Code Advanced hard · 8 min

Fine-tuning for structured extraction

What you will learn
Teach an LLM to reliably output structured data (JSON, XML) by fine-tuning on examples with constrained generation and schema validation during inference.

Why this matters

Production systems need predictable structured outputs: extracting fields from documents, parsing API responses, or converting unstructured text into databases. Fine-tuning a model specifically for this task eliminates expensive prompt engineering and hallucination-prone parsing logic, while constrained decoding ensures output always matches your schema.
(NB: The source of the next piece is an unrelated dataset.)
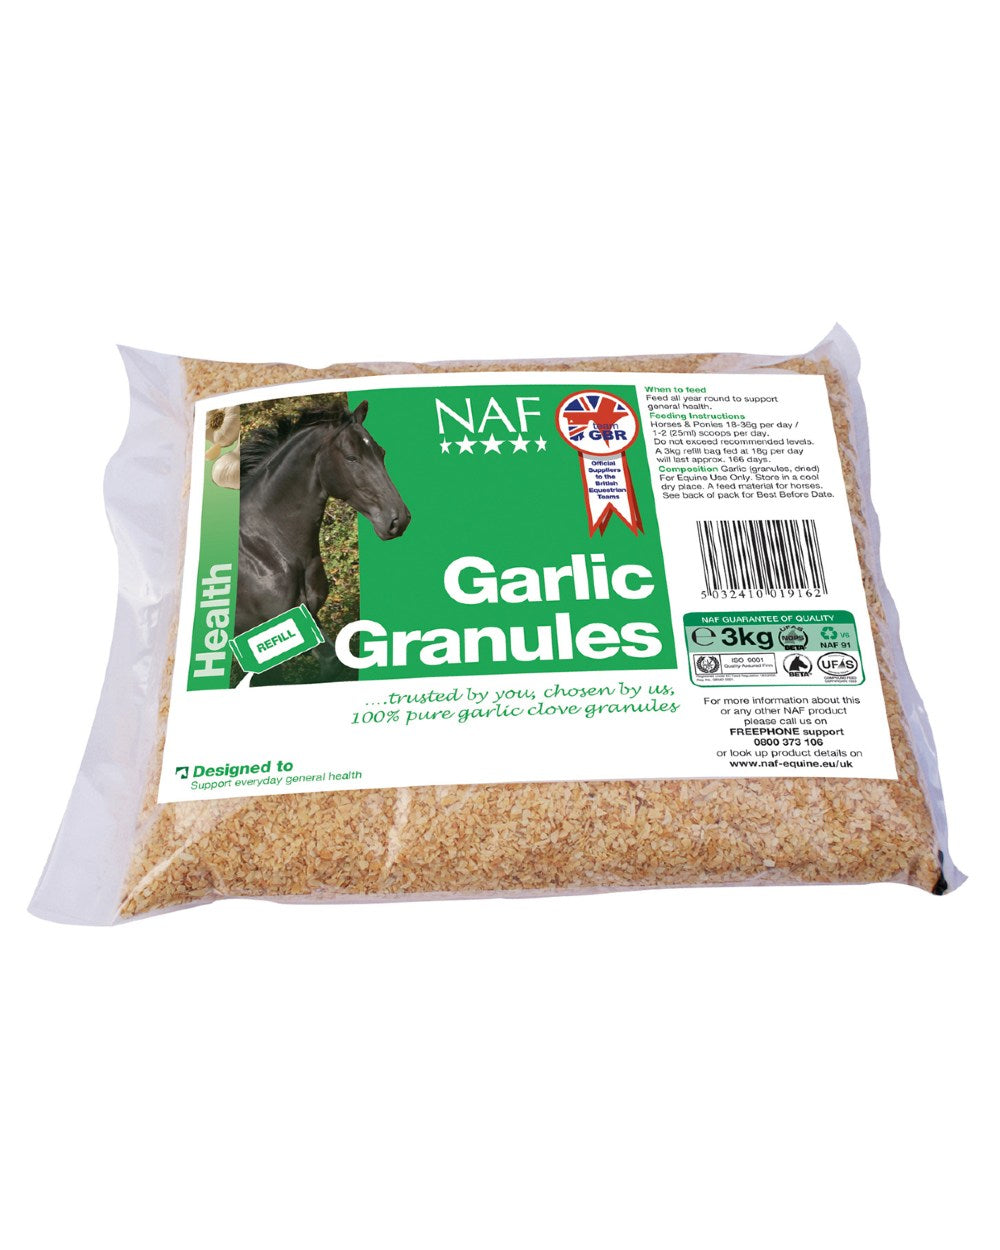 NAF Garlic Granules 3kg on white background

Skip if: Don't fine-tune for structured extraction if: (1) you have fewer than 500 high-quality labeled examples: few-shot prompting may be sufficient, (2) your schema changes frequently: a prompt-based system is more maintainable, (3) you need real-time single-inference latency below 100ms and can't afford fine-tuned model quantization overhead, or (4) you're using a model that doesn't support constrained decoding in your inference framework.

Explanation

What it is: Fine-tuning an LLM to output structured data (JSON, XML, YAML) by training on examples where the model learns both the task logic and the format constraints. Unlike few-shot prompting, the model internalizes schema patterns, reducing hallucination and improving consistency.

How it works mechanically: You prepare a dataset where each example is an input (unstructured text) paired with a target output in your desired schema. During training, the model learns to map inputs to structured outputs via next-token prediction. At inference time, you layer on constrained decoding (e.g., via outlines or vLLM grammar modes) to force the model to generate only valid tokens that respect your schema, preventing malformed JSON or missing fields.
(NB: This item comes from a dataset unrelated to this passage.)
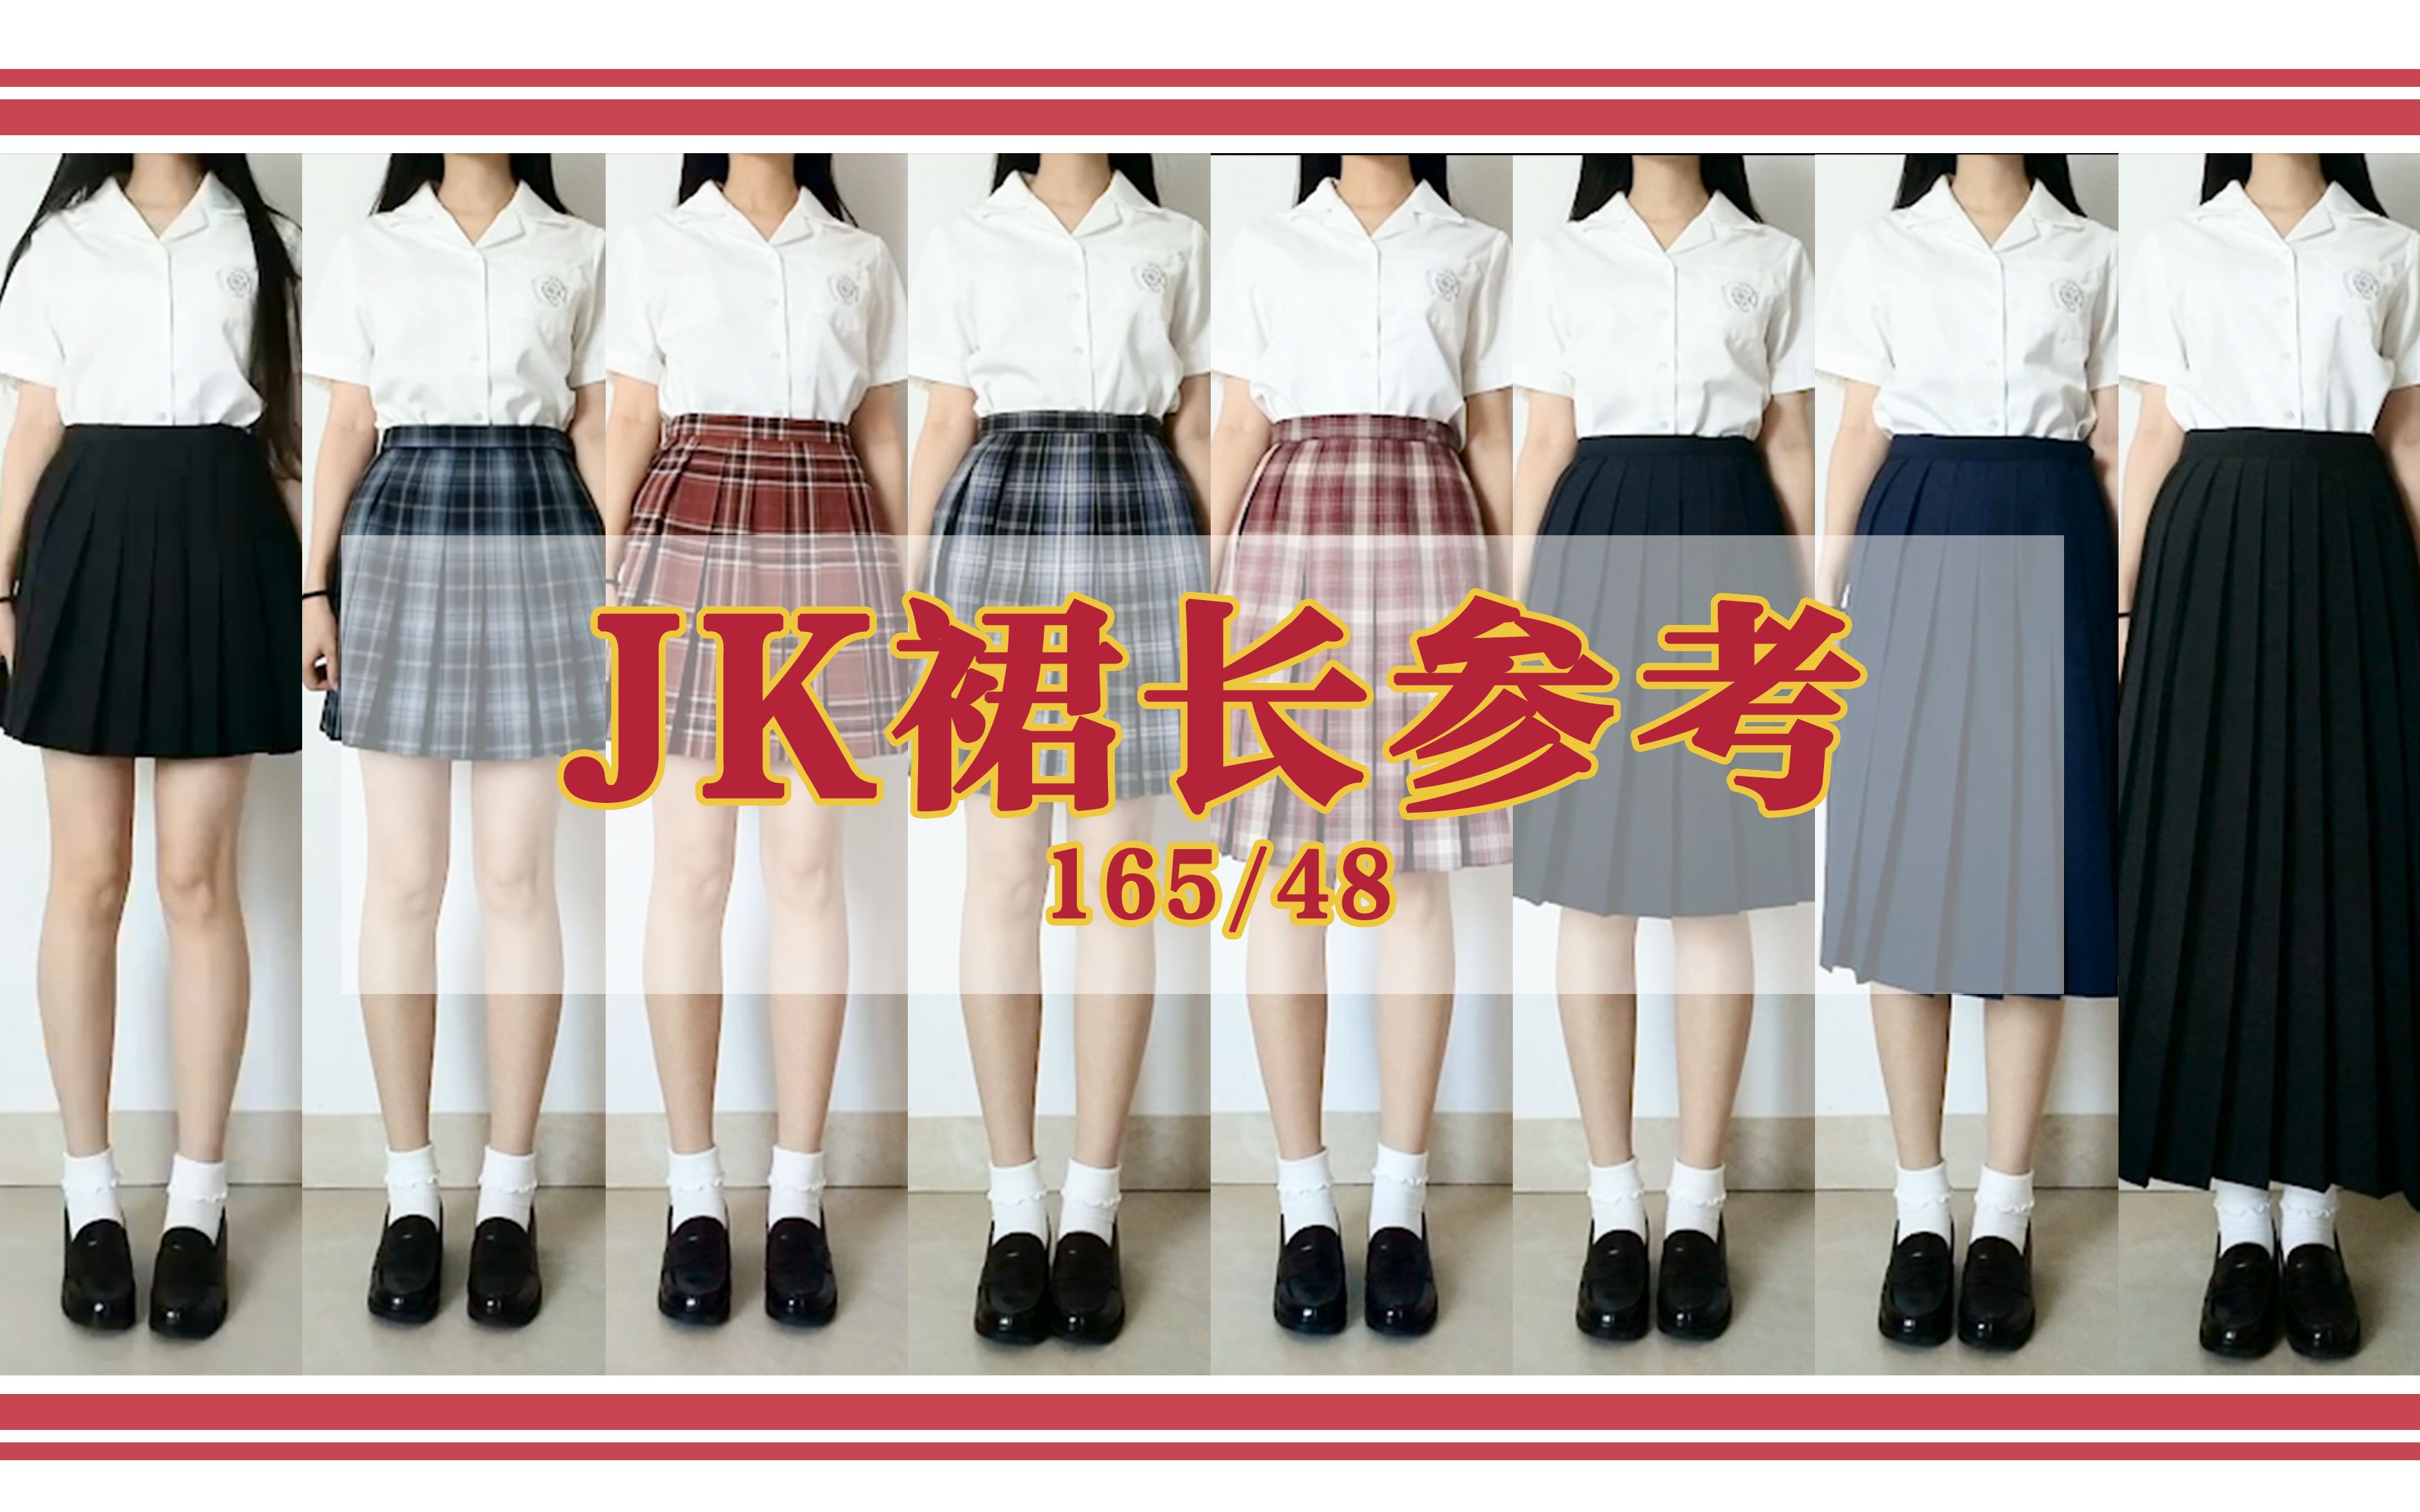 jk裙长身高示意图158图片

When to use it: Use this when you have sufficient labeled data (500+), your schema is stable, and you need both reliability (schema validity) and efficiency (no post-generation parsing).

Analogy

It's like training a mail carrier to sort letters not just by learning postal zones, but by physically requiring them to place each letter in a labeled bin: the constrained decoding is the physical bin that prevents them from putting mail in the wrong slot, no matter how distracted they get.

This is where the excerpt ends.